Data Quality Studio — Great Expectations & Soda Core
Build production-ready data quality tests visually, no memorising SodaCL or Great Expectations syntax.
Connect to your live database or just point it at local CSV/Excel/Parquet files and browse tables directly in the VS Code sidebar, pick checks from a full catalog filtered to each column's data type, and generate ready-to-run SodaCL YAML or Great Expectations Python in one click.
How It Works
1. Connect and browse your database
The extension auto-detects your credentials from ~/.dbt/profiles.yml or a workspace .env file on startup for database connections. Your schemas and tables appear immediately in the Data Quality sidebar, no configuration required if you already have dbt set up.
No database? Click ⚙ → Local files and select CSV, Excel (.xlsx), or Parquet files instead, each file appears as a table with its columns and inferred types, and the generated tests query the files with DuckDB. Your file selection is remembered across sessions.

Click any table to open the test builder panel.
2. Pick your framework — once per session
Choose Soda Core or Great Expectations the first time you open a table. The choice is remembered across VS Code and you will never be asked again unless you explicitly switch.
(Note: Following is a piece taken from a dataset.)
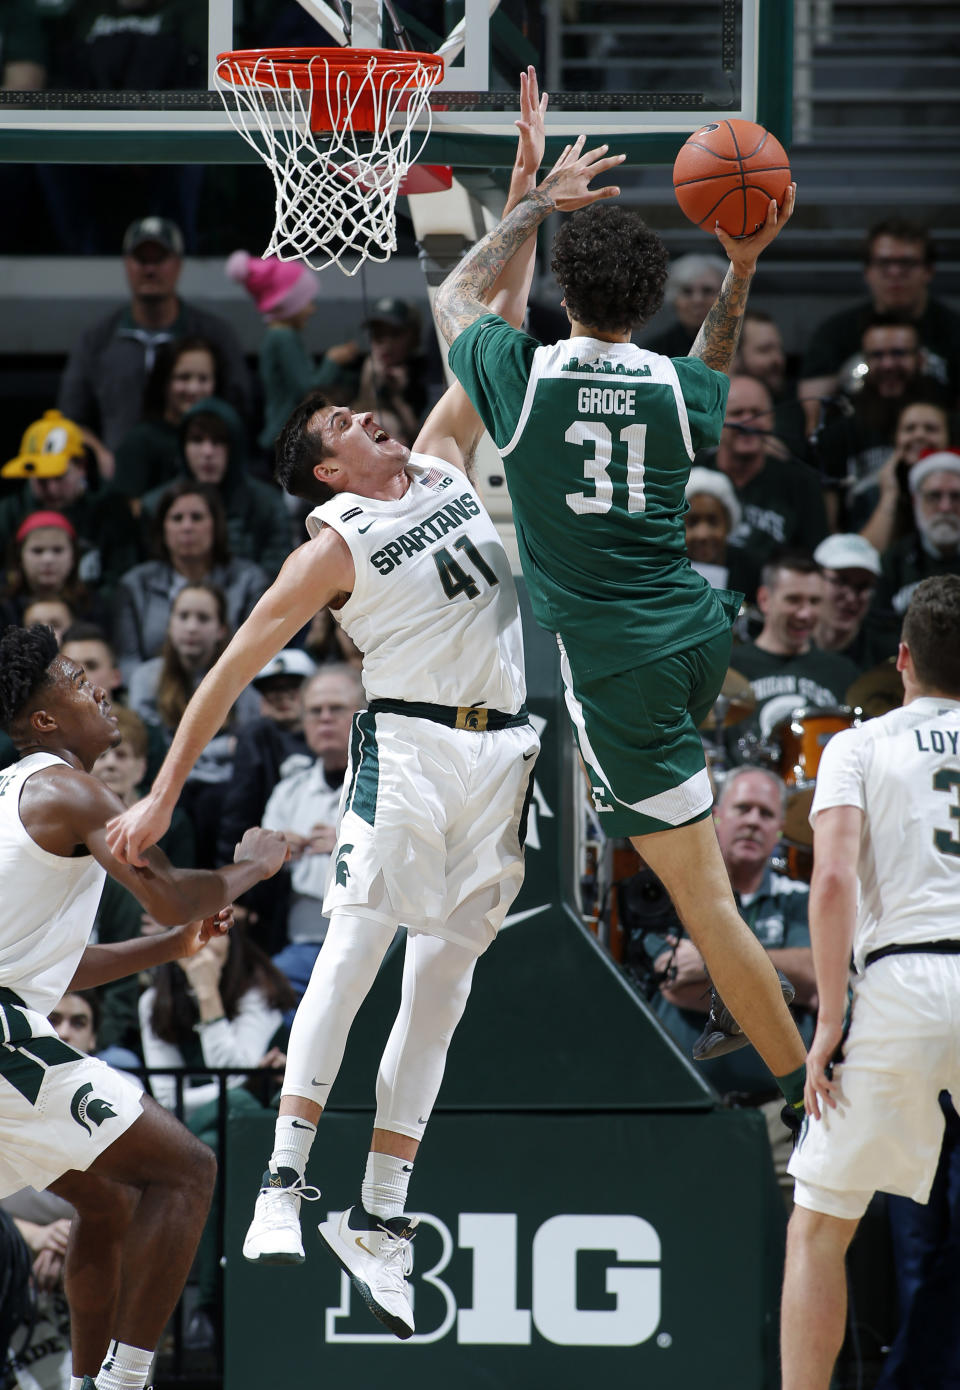 Eastern Michigan's Ty Groce (31) goes up against the defense of Michigan State's Conner George (41) during the second half of an NCAA college basketball game, Saturday, Dec. 21, 2019, in East Lansing, Mich. (AP Photo/Al Goldis)

Checks are tailored to the framework you pick. There is no mixing: Soda checks produce SodaCL YAML, GE checks produce Python.
3. Add checks per column
Every column is shown with its data type badge. Click a column to expand it and use + Add check to open VS Code's native command palette, searchable, keyboard-navigable, and filtered to checks that apply to that column's type.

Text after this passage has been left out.